The item describes the Post's minimalist reporting on a, you know, a … sensitive event.
… When a large brawl broke out in the Metro system on a recent Friday night, it seemed a perfect chance to show local readers that The Post is their indispensable source for news. The fracas occurred near midnight on Aug. 6, and authorities said it involved as many as 70 people. It started at the Gallery Place Station and continued to the L'Enfant Plaza Station.
Throughout Saturday, it was among the most-viewed stories on the Web site, signaling intense reader interest. But as the day wore on, some readers grew frustrated that there was nothing more.As Alexander acknowledges, Post readers might have been a scrap curious about a big-time "fracas" at two of the capital city's major Metro stations. But the paper was economical with further details.
Promoted on the front page and tucked at the bottom of Sunday's Metro section, it didn't answer key questions: What caused the fighting? Were the people who were injured participants or bystanders? Was Metro beefing up security?
Why such thin coverage? Much of the explanation is that The Post responded with too little, too late.
Even an ombudsperson for the Washington Post should know that "too little, too late" is not an explanation. After shuffling around for a few paragraphs about weekend staffing, Alexander finally gets to the point.
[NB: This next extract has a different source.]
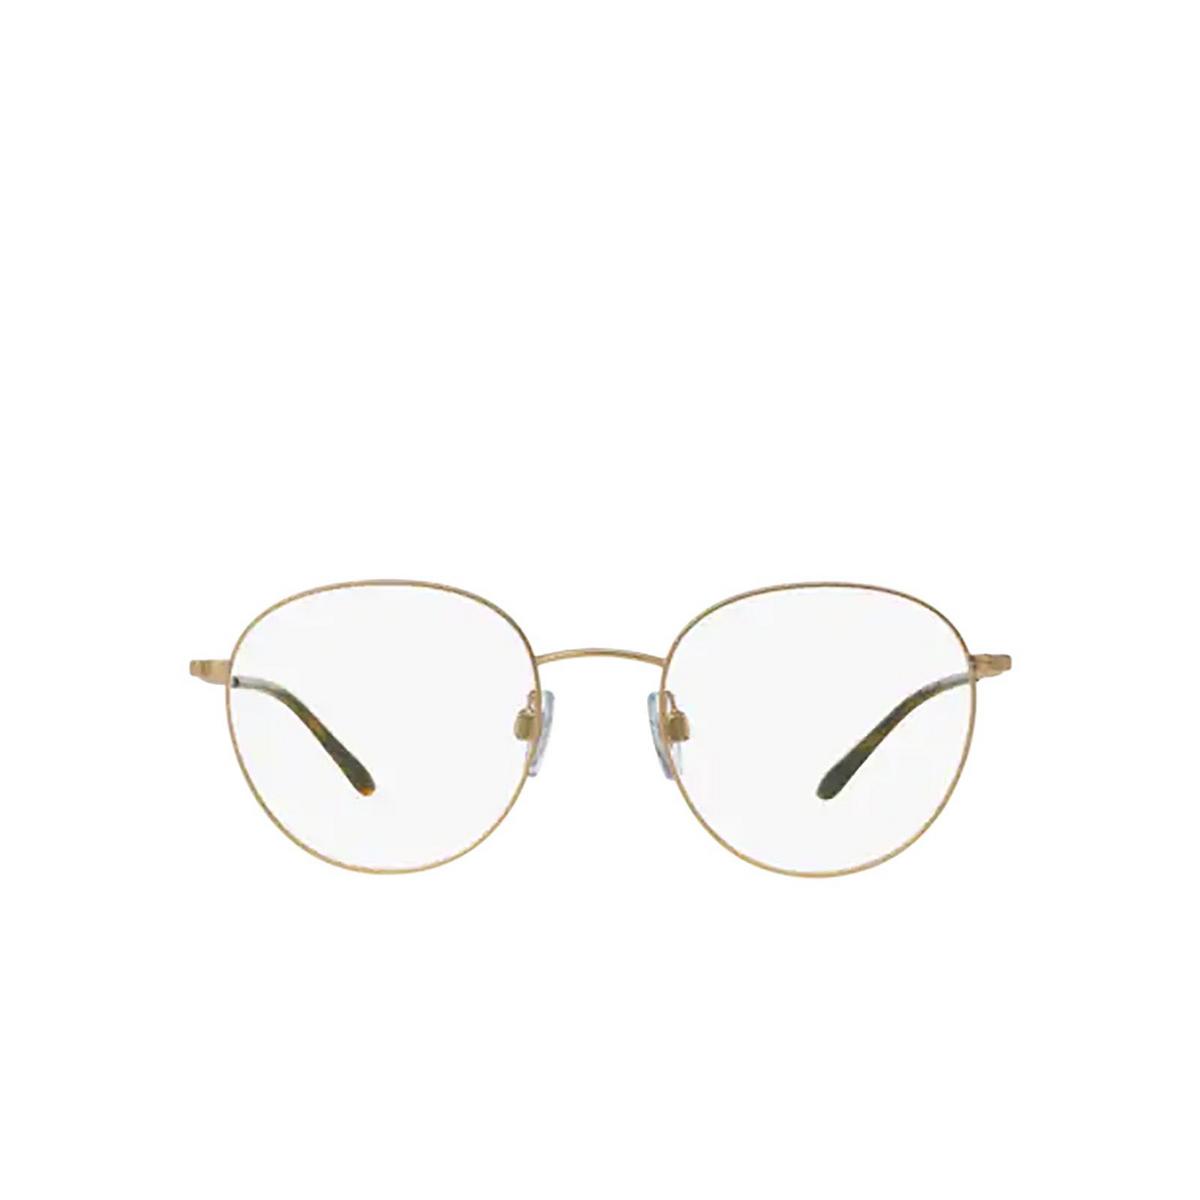 Giorgio Armani® Round Eyeglasses: AR5057 color Matte Pale Gold 3002 - front view.

Pierre [editor] also worried about hyping a story that involved race. Although The Post's coverage on and after Sunday did not specify the racial makeup of those involved, many readers assumed they were black and offered racially insensitive online comments. "So ghetto," read one. Another urged ending "all welfare benefits for parents whose little animals cause this type of mayhem."
When The Post finally produced a more substantive story for Monday's paper, Pierre believes it was given too much prominence, even though it included eyewitness descriptions of multiple fights and bedlam as people tried to escape the pandemonium. The Post "overplayed it," said Pierre. "It was a fight on the Metro. Kids get into fights."
So part of the explanation for the petite coverage was racial. As Obamabudsperson says, "Although The Post's coverage on and after Sunday did not specify the racial makeup of those involved, many readers assumed they were black." Assumed? Well, was the assumption wrong? Neither the original story nor the so-called "more substantive story" in the Post, that "indispensable source of news," tells us. All we learn is that a brawl involving some 70 "youths" was just a generic fight.
"It was pandemonium," said Hay, who had traveled to the District from Charles County with her husband, sister-in-law, 25-year-old niece with special needs and two grandnieces, 11 and 14.
"We were pushing our kids out of the way, trying to plaster ourselves against the wall so nobody would hurt us. There were five fights right in front of us. . . . Metro is very accessible but not safe all the time. I don't know if I would ride it again in non-rush hours." … Five people hurt in the fight and ensuing crush were taken to hospitals, a Metro spokeswoman said, and an unknown number of others were injured.
No big deal. Hot-time, summer-in-the-city stuff. Move along.
Our fearless, impartial, probing readers' advocate Alexander is the same kind of weenie as the Post editors he mildly criticizes. It's too bad the paper didn't give it a little more play, a little sooner, but he understands why they didn't. The subject is sensitive. The Post is sensitive. He's sensitive. Some of the Post's commenters are so insensitive. Whatever happened to midnight basketball?